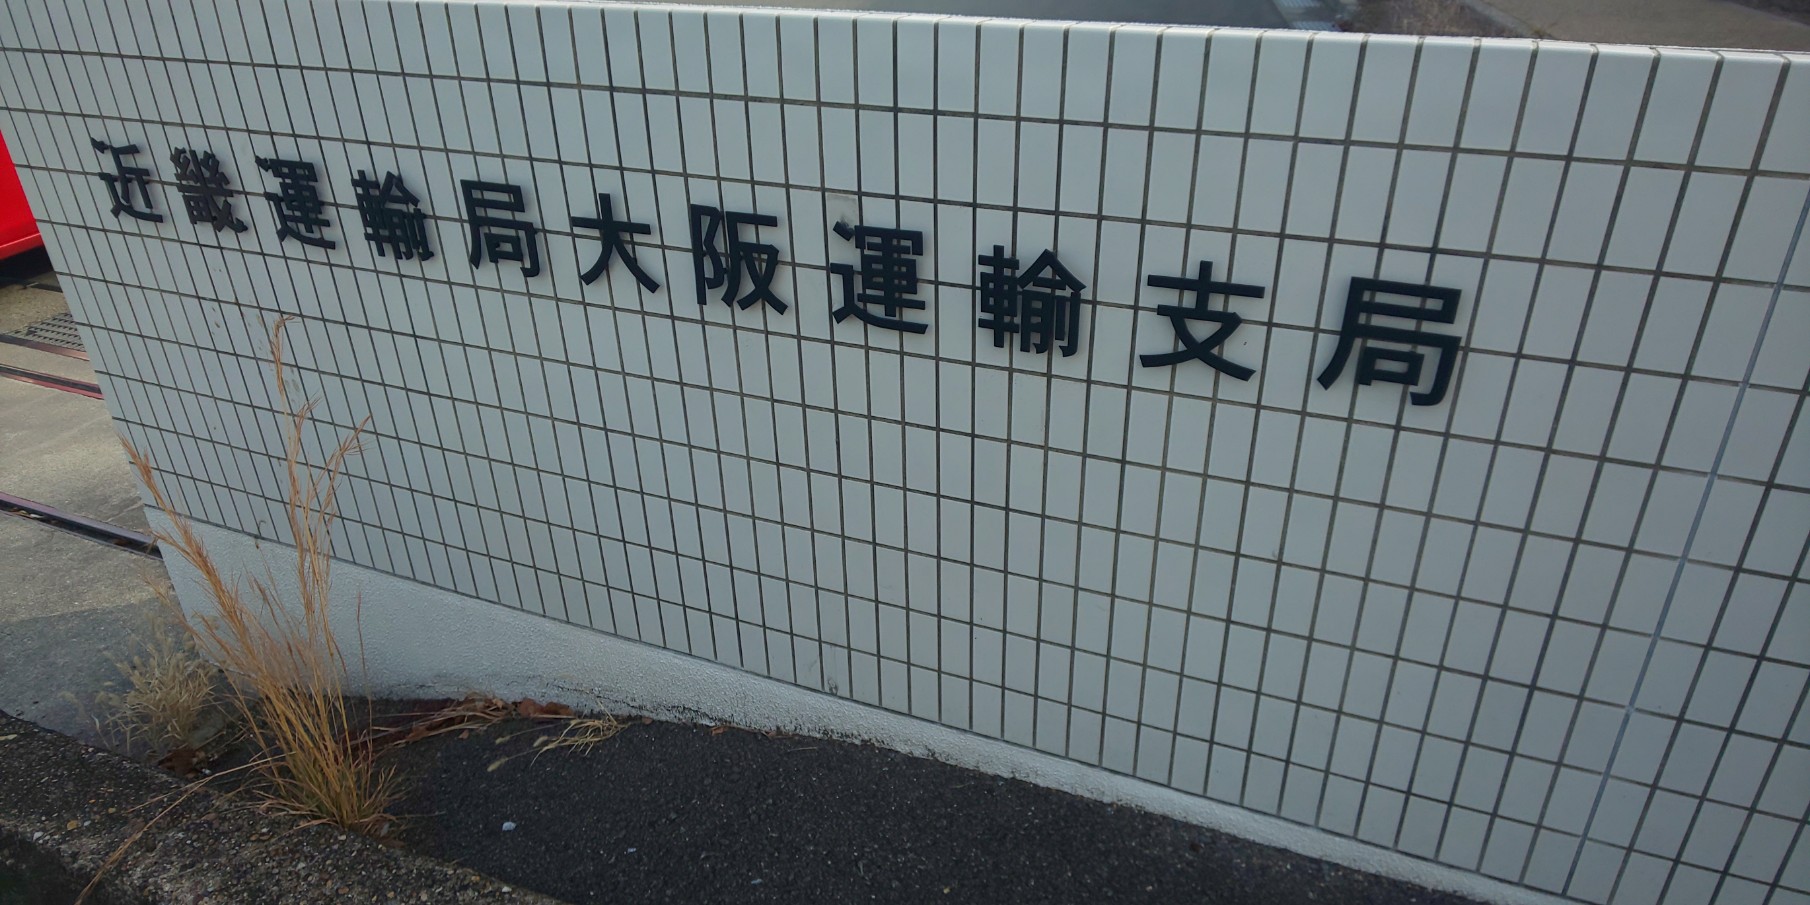 大阪運輸支局
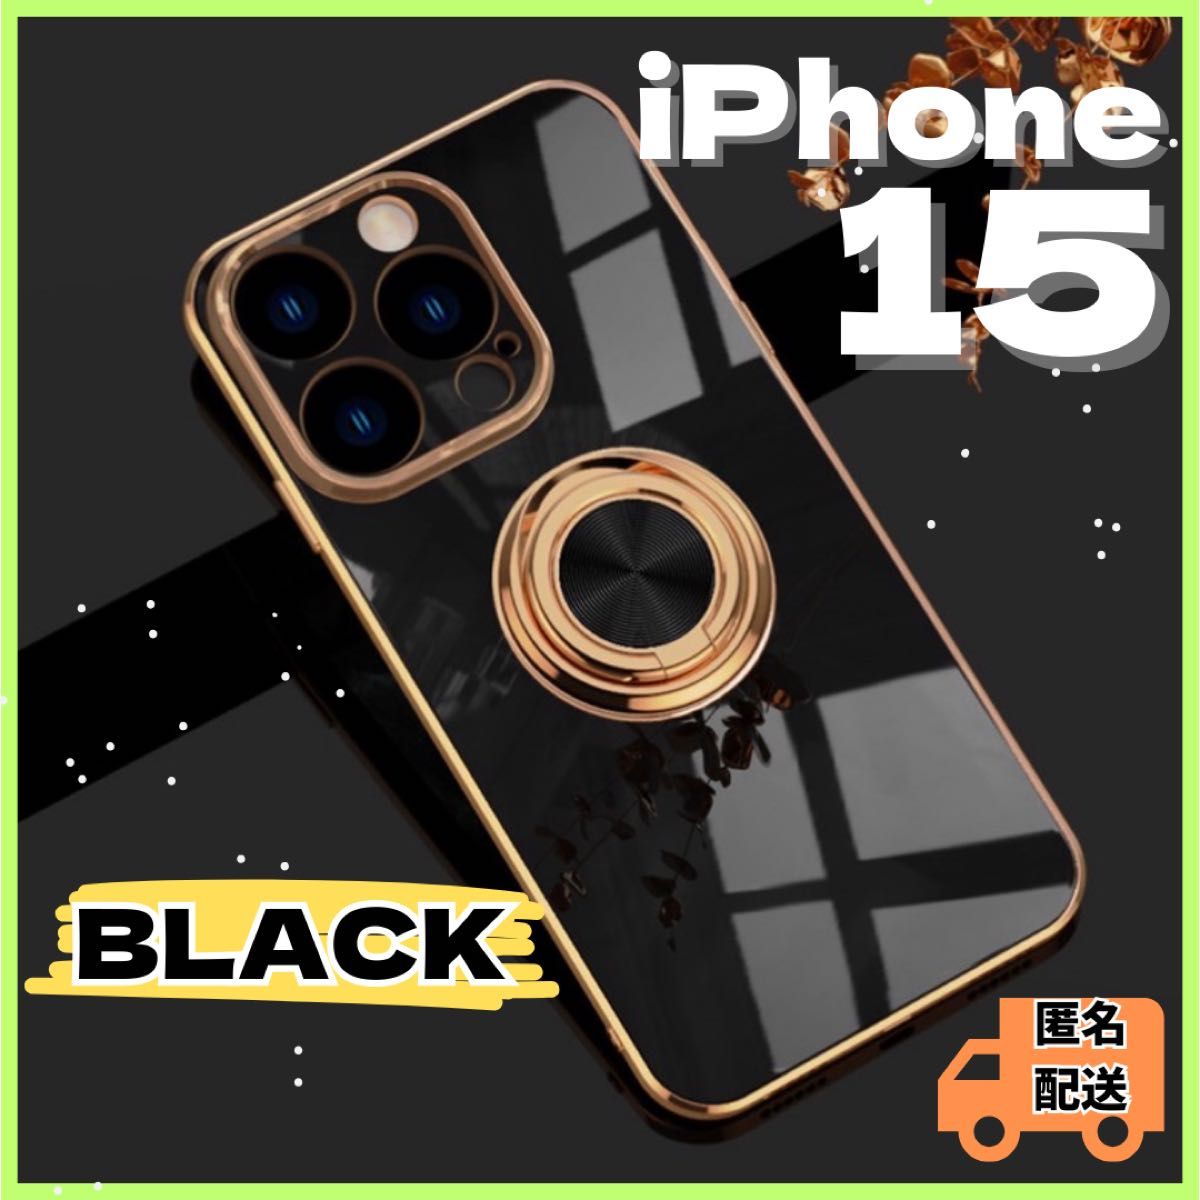 リング付き iPhone ケース iPhone15 ブラック 高級感 韓国 黒 ゴールド ソフトケース 落下防止 TPU
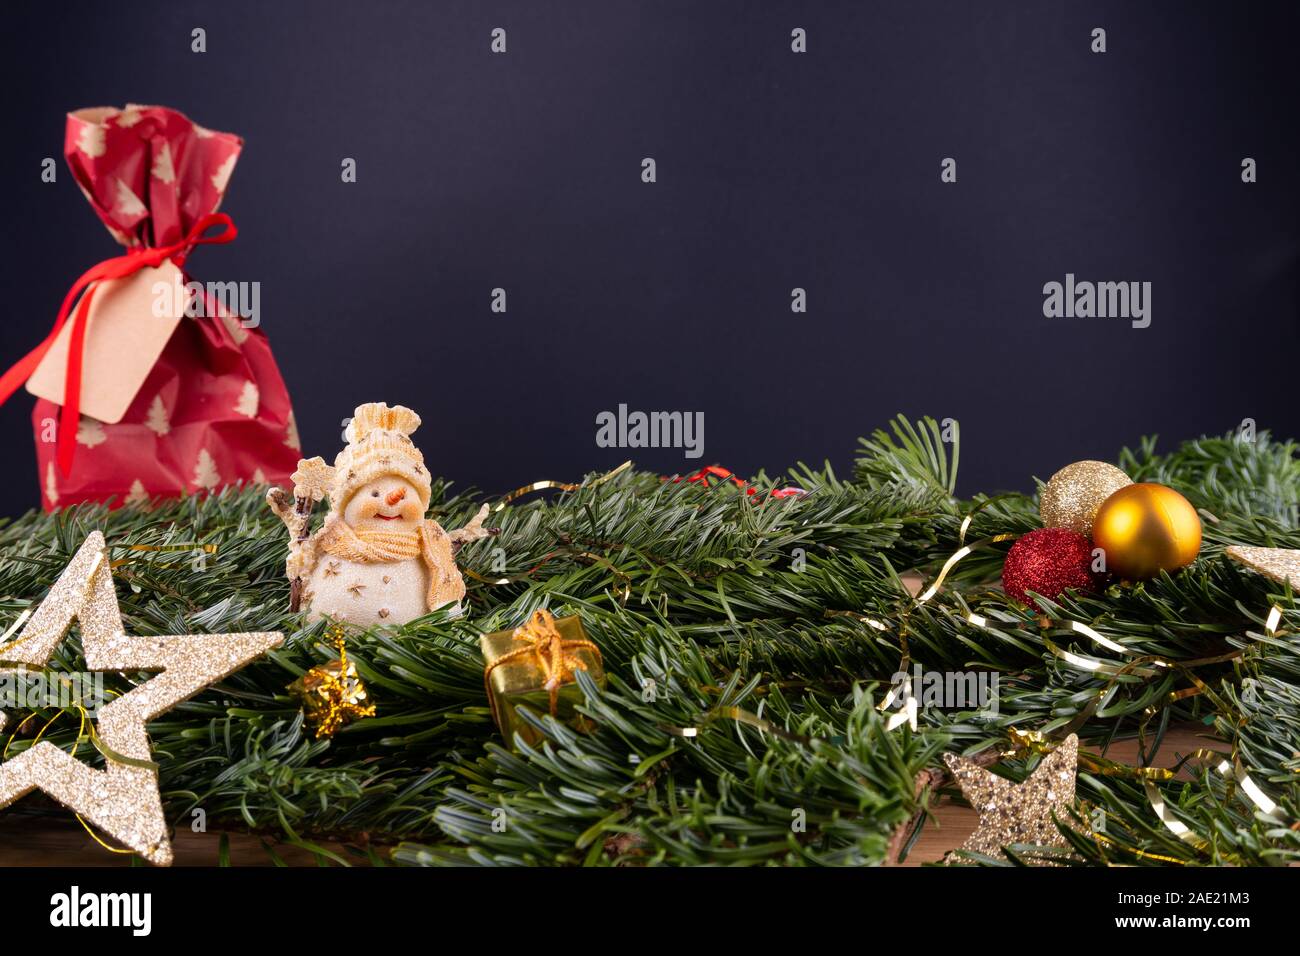 Weihnachtsdekoration (Schneemann, Gegenwart, Sterne, Kugeln) und fir Zweige vor einem schwarzen Hintergrund Stockfoto

● ● ● ●

*GOAL OF THE EXERCISE:* Leave out the pictures and return the listing exactly.

*TASK RESPONSE:*
 大阪運輸支局
 リング付き iPhone ケース iPhone15 ブラック 高級感 韓国 黒 ゴールド ソフトケース 落下防止 TPU
 Weihnachtsdekoration (Schneemann, Gegenwart, Sterne, Kugeln) und fir Zweige vor einem schwarzen Hintergrund Stockfoto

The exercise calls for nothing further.